The month of March is Colo-Rectal Cancer Awareness Month (and also the month of my mom's death from colon cancer). Colonoscopies may not be pleasant to think about or talk about, and even joked about, but if you are at least 40 years old, or younger and have colon problems like I do, please don't brush off the importance of getting a colonoscopy. The earlier colon polyps are found, the less likely you are to get colon cancer. The pre-cancerous polyp I had in me at the age of 22 was "aged" in the biopsy that was done and showed that it would have turned into cancer within about 7-10 years. I am nearly 28 years old now--I could be fighting my own battle with colon cancer soon if I'd avoided that colonoscopy (and believe me, I didn't want to have it done). I've since had two more colonoscopies in five years. I don't mess with the risk of colon cancer. Not after what my family has been through.

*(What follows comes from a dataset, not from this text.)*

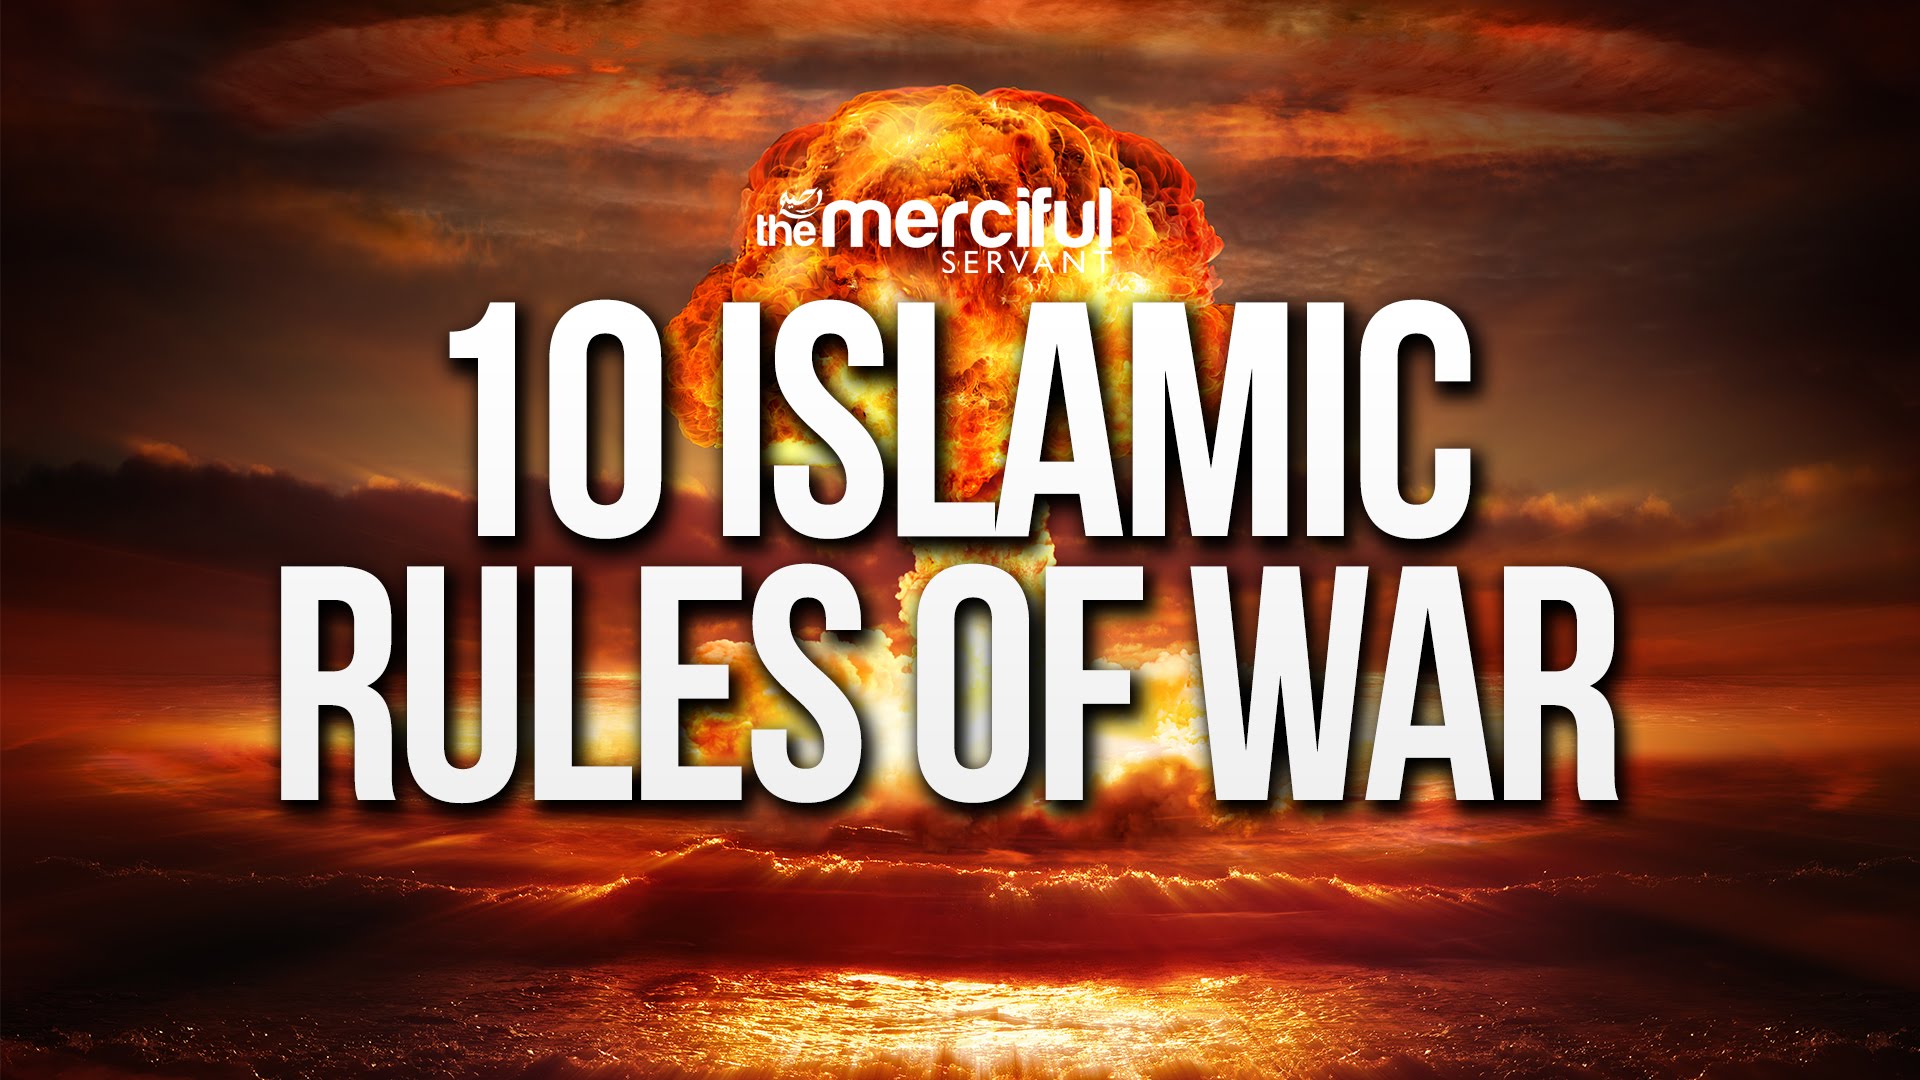 10 Islamic Rules of War

And of course this month, the month of October, is Breast Cancer Awareness Month. Ladies, get your mammograms and do your self-checks. And by all means, please support the funding of this cancer with the Pink campaigns and all that. The more lives saved, the better. All I really wish to say about the extent of the awareness and funding for this is to perhaps think beyond it being just about breasts, just "ta-tas" and "racks" and pink ribbons and lovely pictures of topless women bearing the scars of having breasts no more.
There are just as many other victims of cancer fighting the SAME battle for their lives. It's all cancer. It's all potentially fatal. No victim, no survivor, should be overlooked because it's not about their boobs or because no one wants to talk about where poop generates or because a lung cancer patient made the mistake of being a smoker, or is assumed to have been a smoker, or because they were able to get on with life after surviving cancer with "invisable, undignified" scars in places no one cares to see.
I just wish all cancer victims, young and old, women and men, children, and particularly victims of the top two deadliest cancers (lung and colon), had odds of survival, remission, and being cancer free for the remainder of their lives that the victims of breast cancer continue to gain.